Type of Mortgage – it is important to think about whether you want a fixed rate or variable rate mortgage. Fixed rate mortgages will tie you in for a period of time but you will know what rate you will be paying, it will not change. Variable rates could go up and you will have to be sure you can afford that. You also nee dto decide between repayment, where you repay some each month or interest only, where you only repay the interest and invest money to repay the balance at the end of the term.

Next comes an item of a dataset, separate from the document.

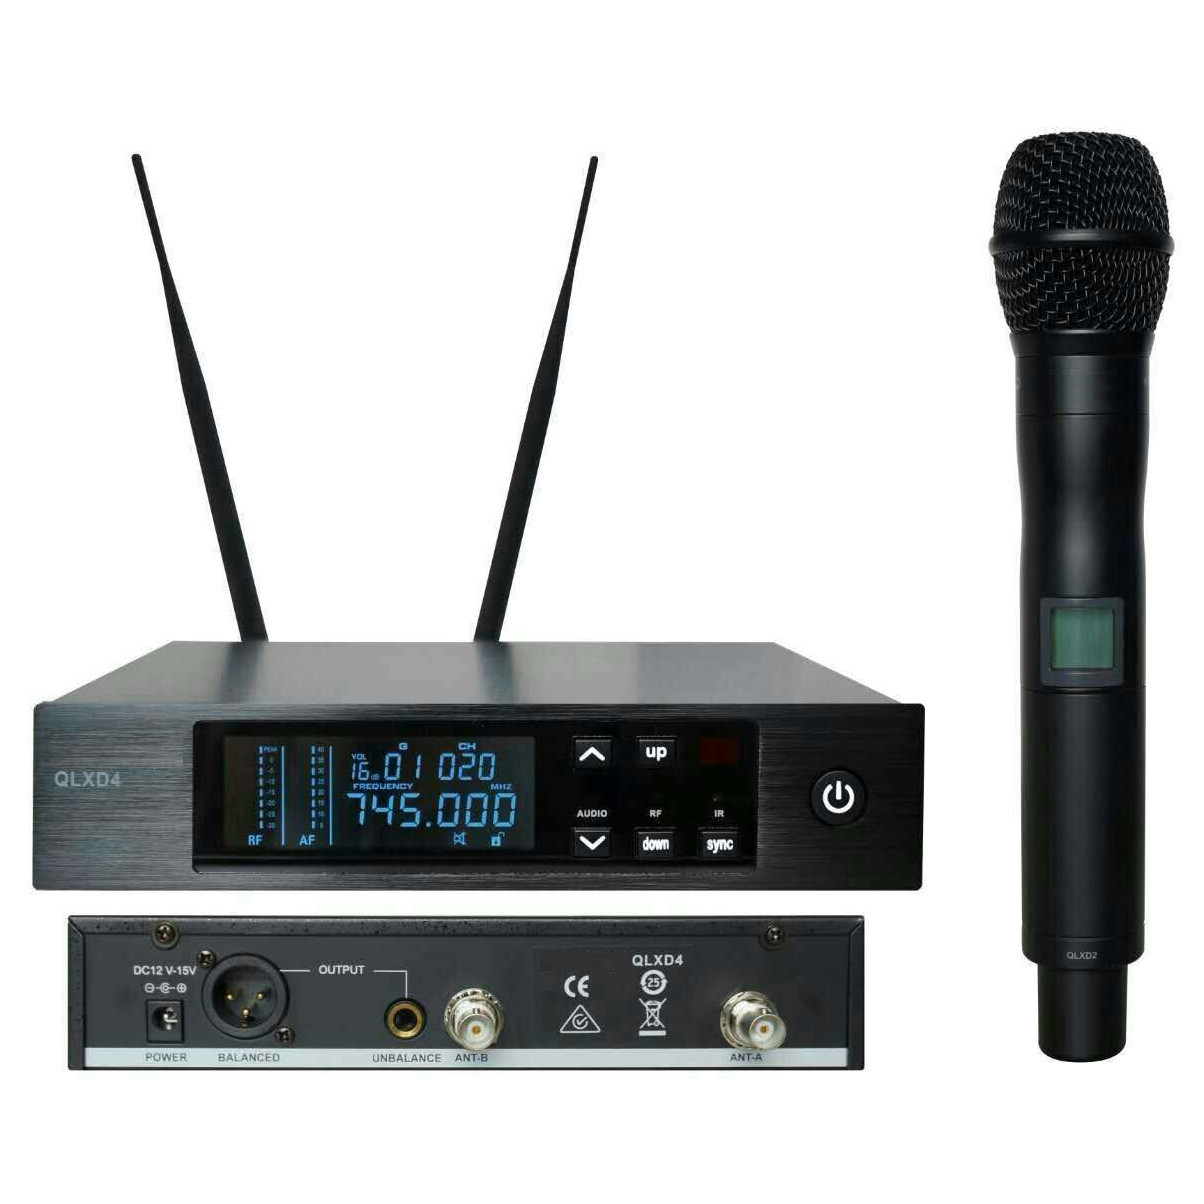 Utilizzo del microfono wireless QLXD4 sul palco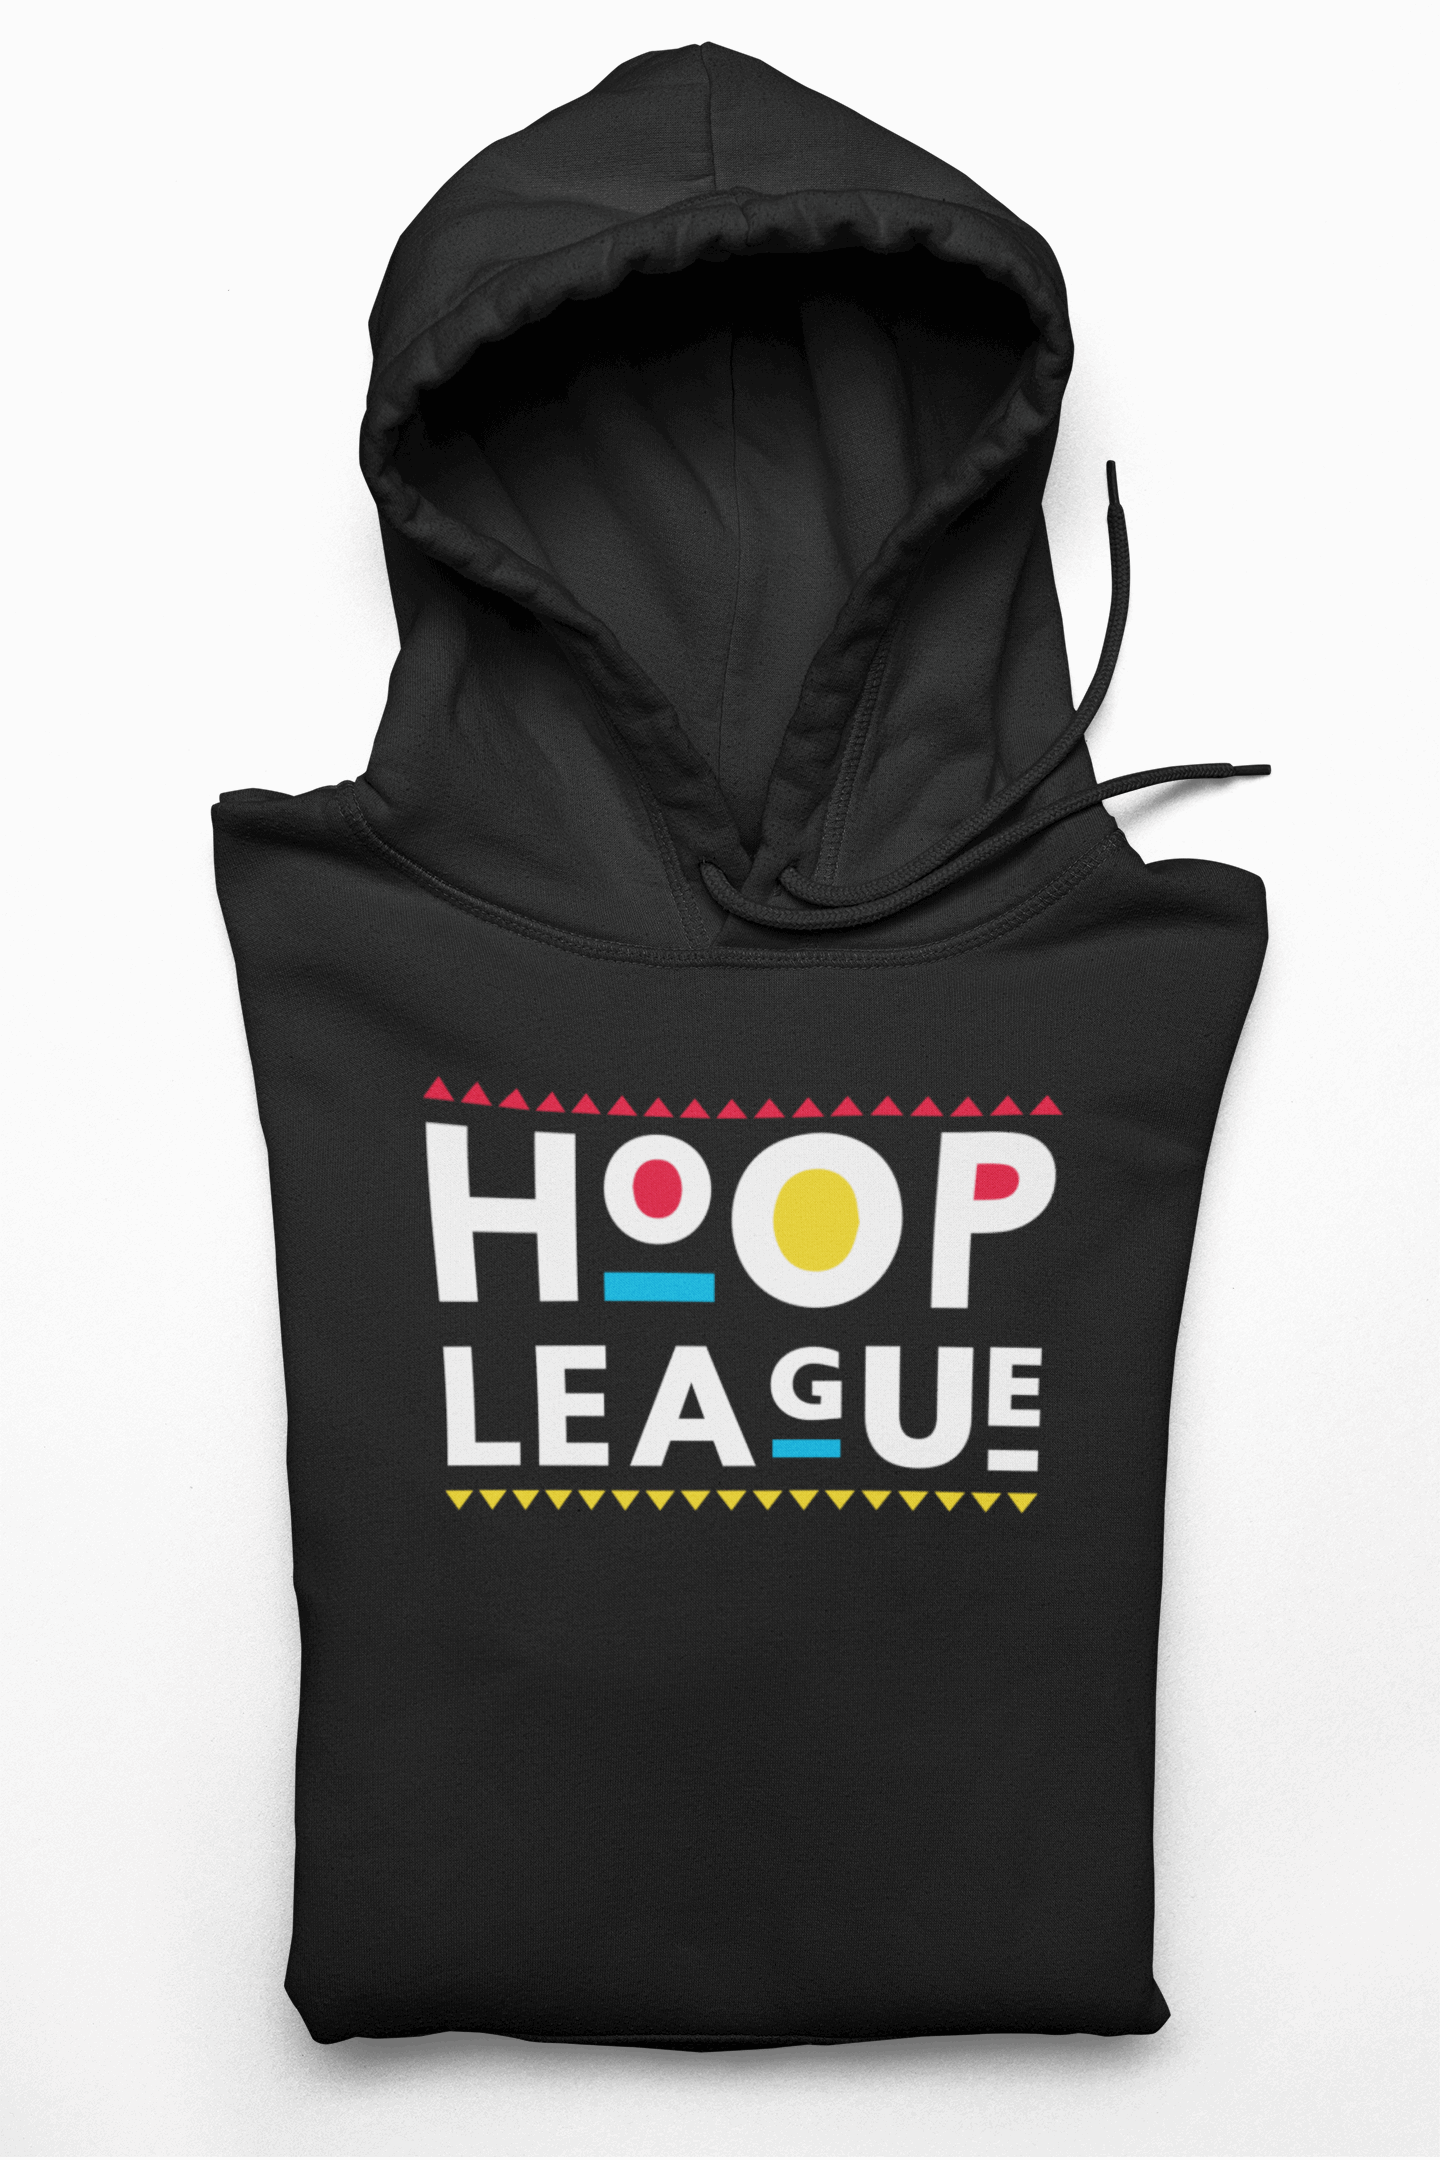 Hoop League 90's Style Pullover Hoodie Black

Repayments – it is really important to make sure that we are able to afford the repayments that we have to make. It is a good idea to therefore find out exactly how much money we need to repay each month from the lender. Then we will be able to work out whether we will be able to afford it. We will need to look back at previous bank statements in order to see how much we normally pay out each month as well to check how much we get paid and that should allow us to calculate whether we can afford the mortgage repayments. It is worth thinking about the fact that there is also a chance that the repayments might go up. If the Bank of England put up the base rate or if your lenders sees fit, they may increase what you have to pay in interest if you are on a variable rate and so you will need to allow for this in your calculations.
Customer service – it can be nice if you know that the lender will provide a good level of customer service. When you have a query or question, you need to make sure that you will get a good answer to it. You want to make sure that you can get through easily and that you will get a fast and accurate response. You can find this out before you apply by getting in touch with the customer service department yourself.
Lenders reputation – some people will also be interested in finding out more about the lender before taking out a mortgage with them. They might want to have a look at their history, read some reviews, ask people about their experiences or perhaps even use a lender that they have used before. It is a good idea to think about whether these things are important to you or whether anything else will be too.
Once you have established what you are looking for then you will be in position to find the mortgage which will be the best for you as you can see how well they match up to your requirements.